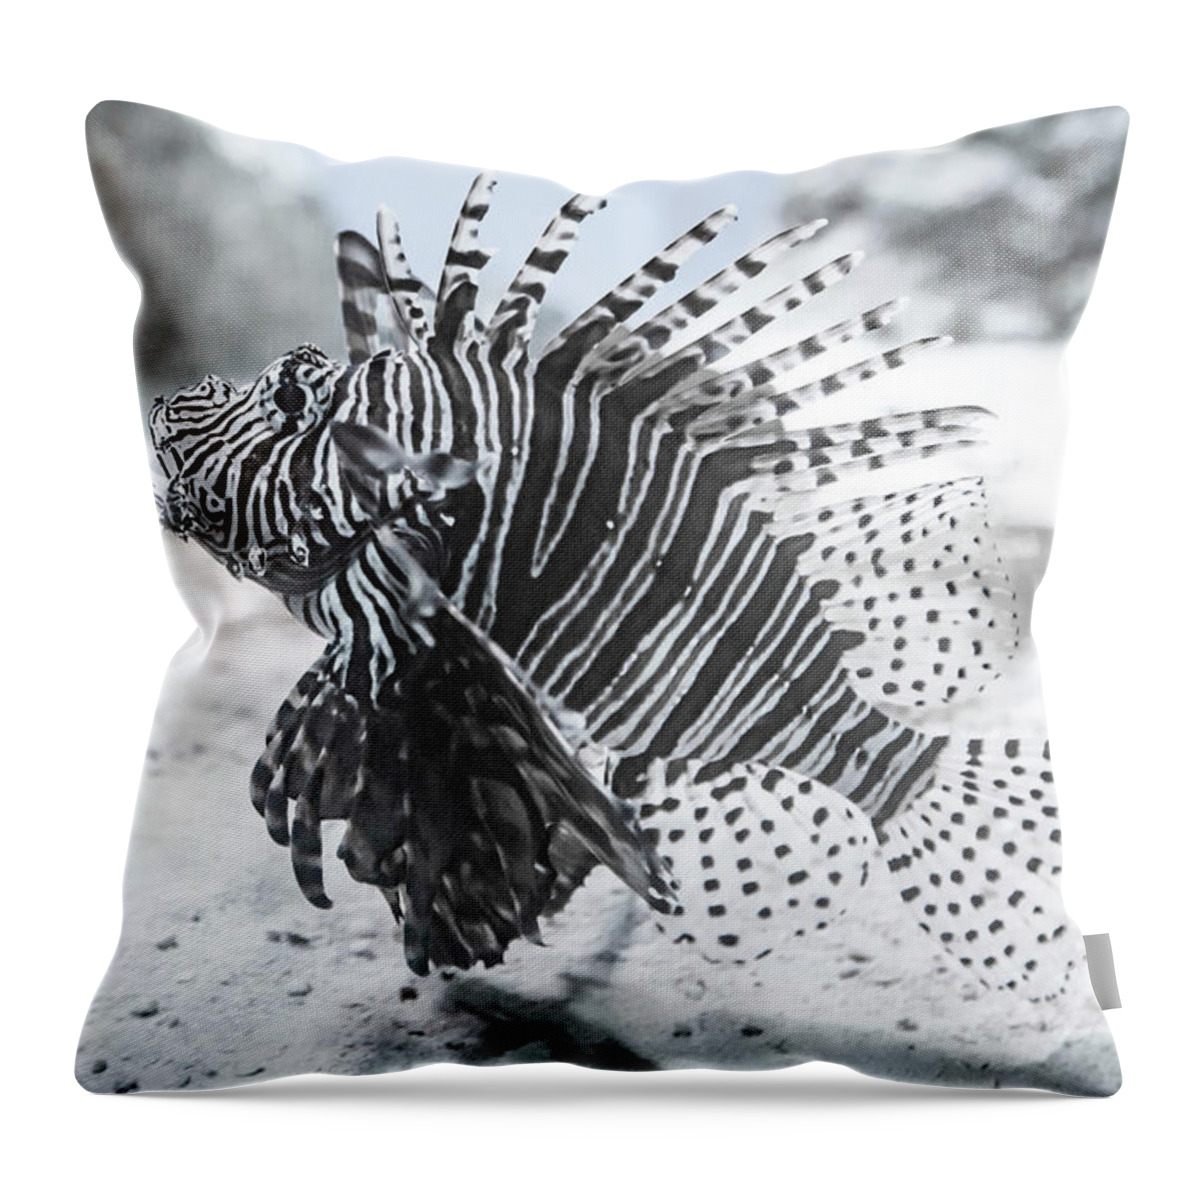 Lion Throw Pillow featuring the photograph The Lion by Betsy Knapp
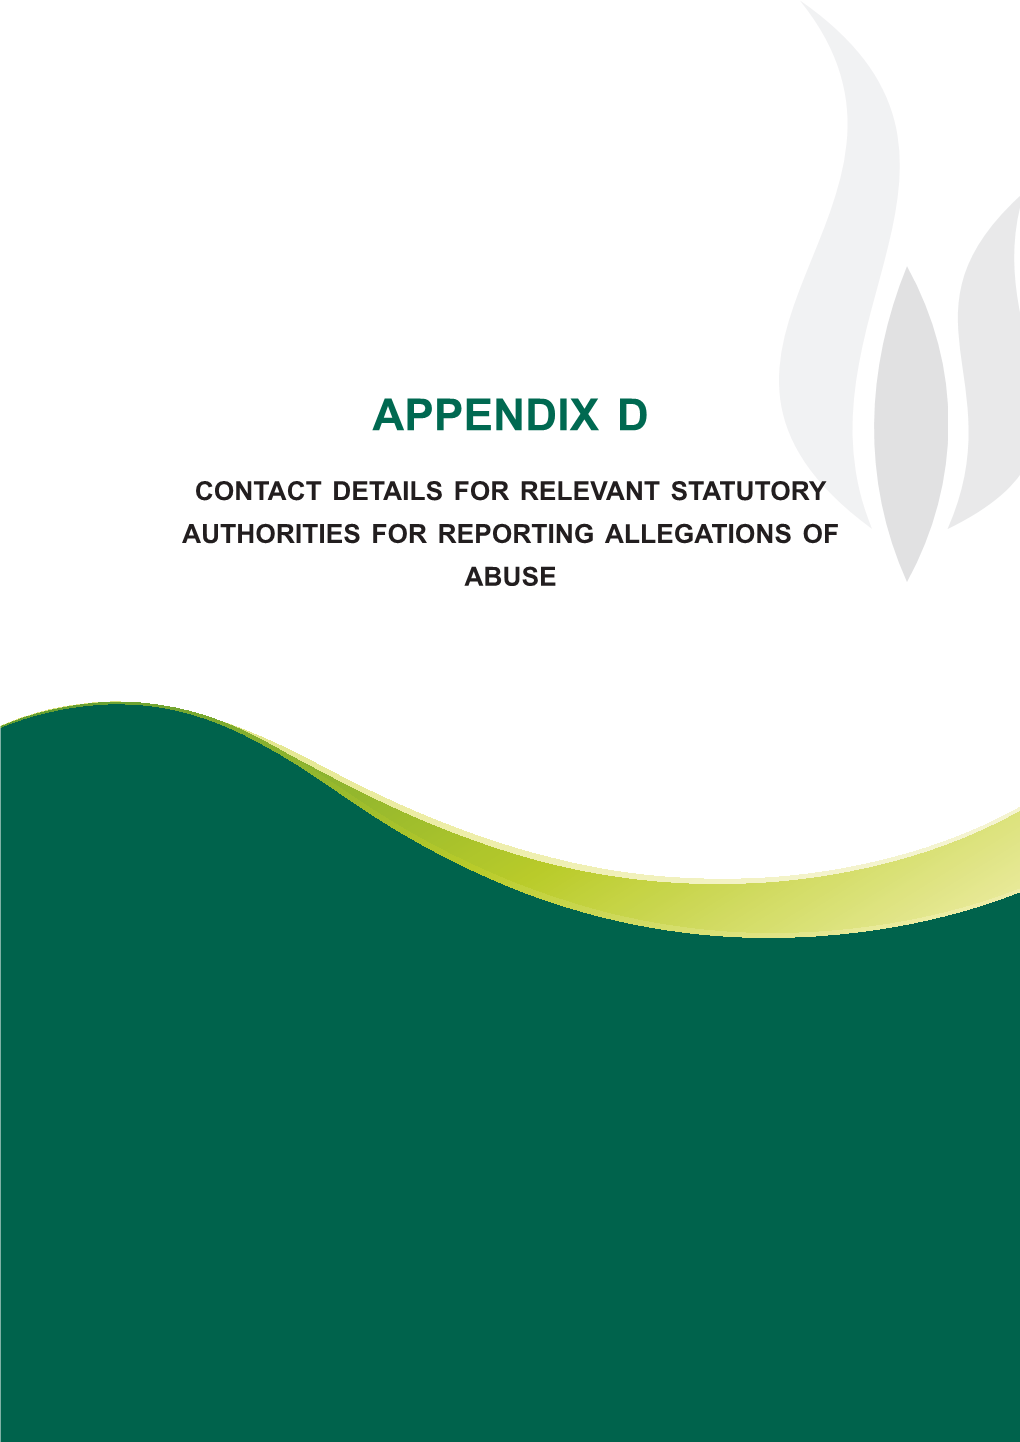 Contact Details for Relevant Statutory Authorities for Reporting Allegations of Abuse Appendix D
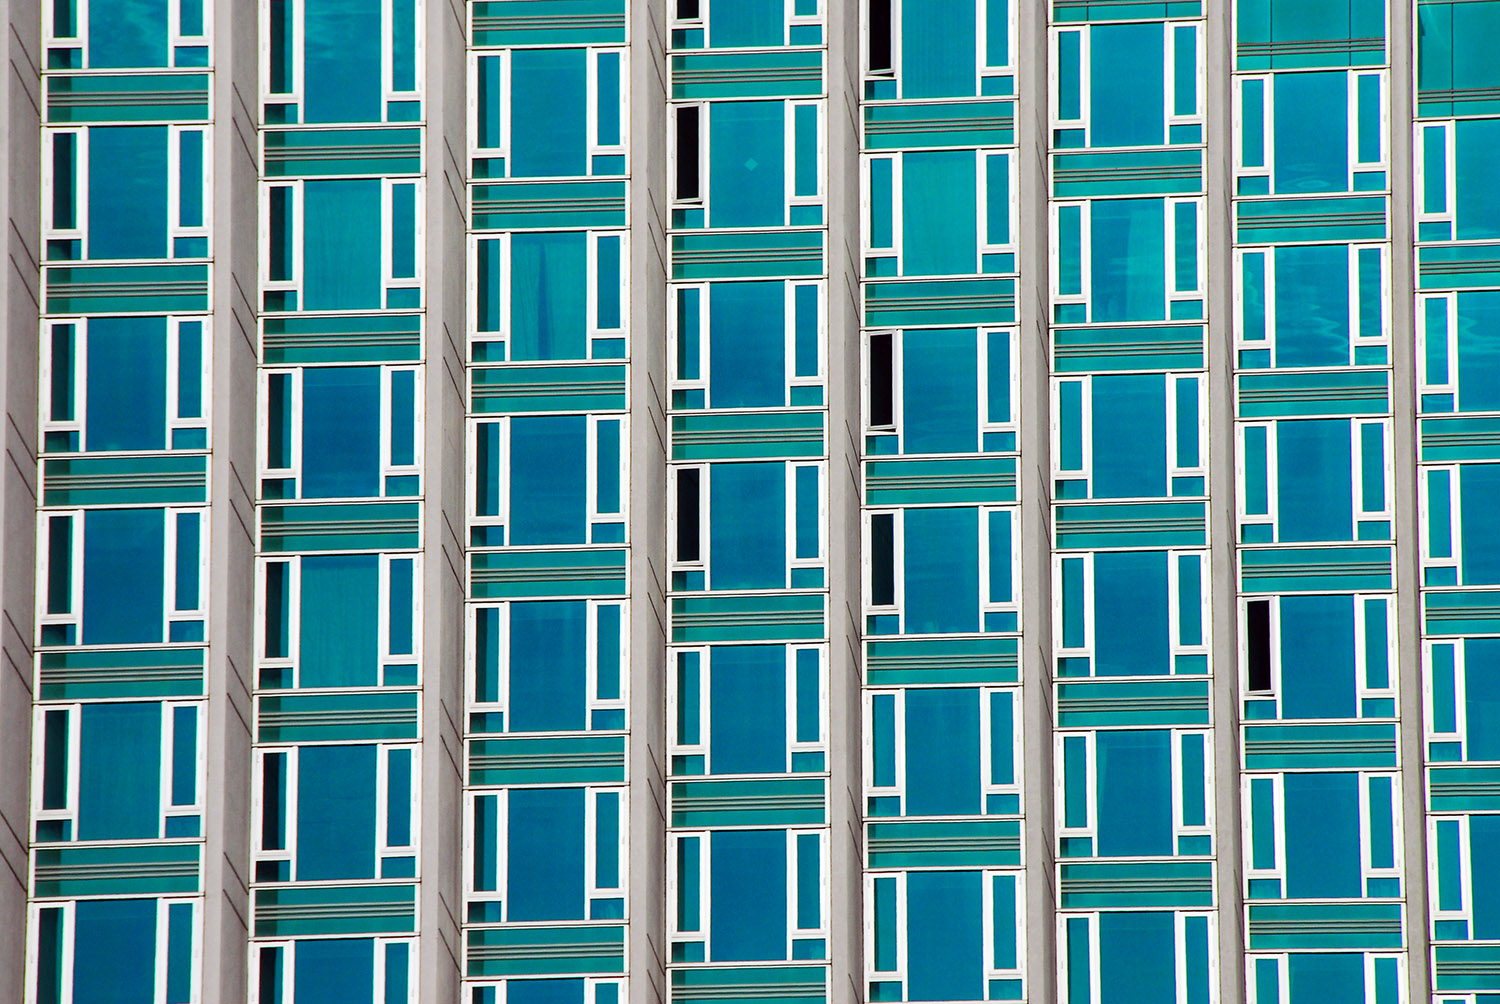 Architecture_Building_Patterns_Turquoise_New_York_City_Travel.jpg
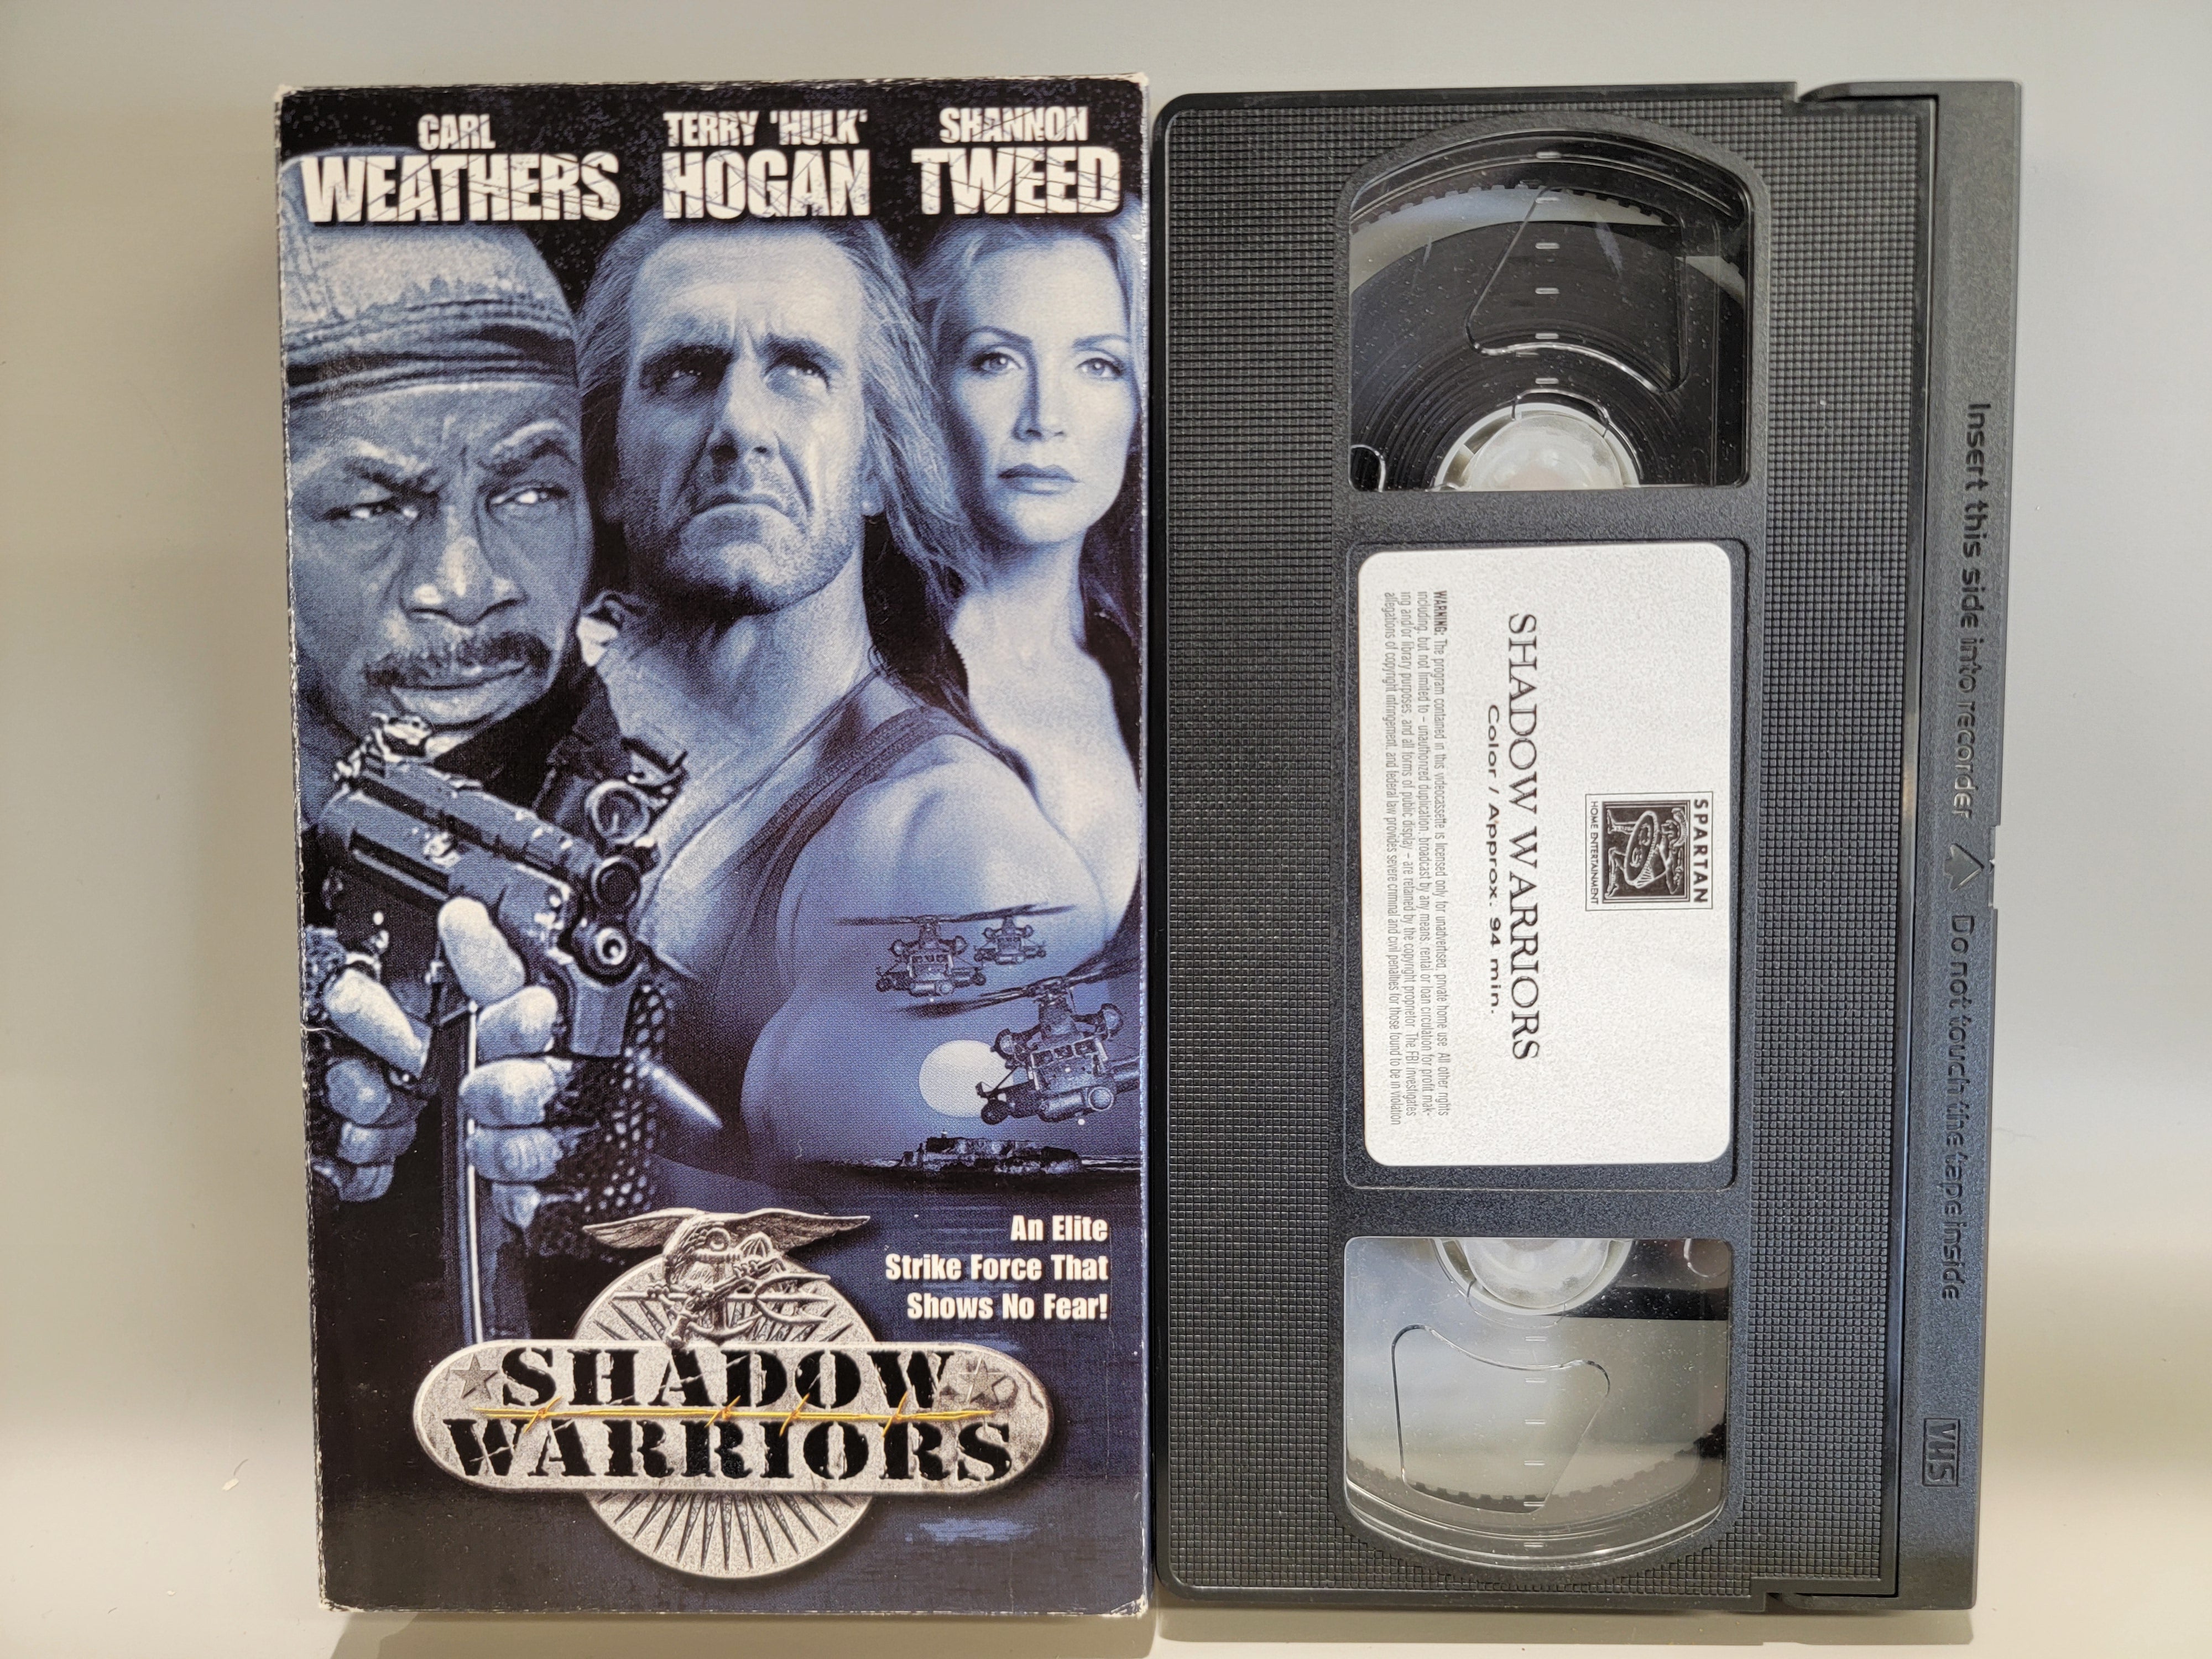 SHADOW WARRIORS VHS [USED]

· · · · ·

#### [What to work on]
With images left out, the data must be transcribed exactly.

#### [Completed exercise]
 Lion Throw Pillow featuring the photograph The Lion by Betsy Knapp
 Contact Details for Relevant Statutory Authorities for Reporting Allegations of Abuse Appendix D
 Architecture_Building_Patterns_Turquoise_New_York_City_Travel.jpg
 SHADOW WARRIORS VHS [USED]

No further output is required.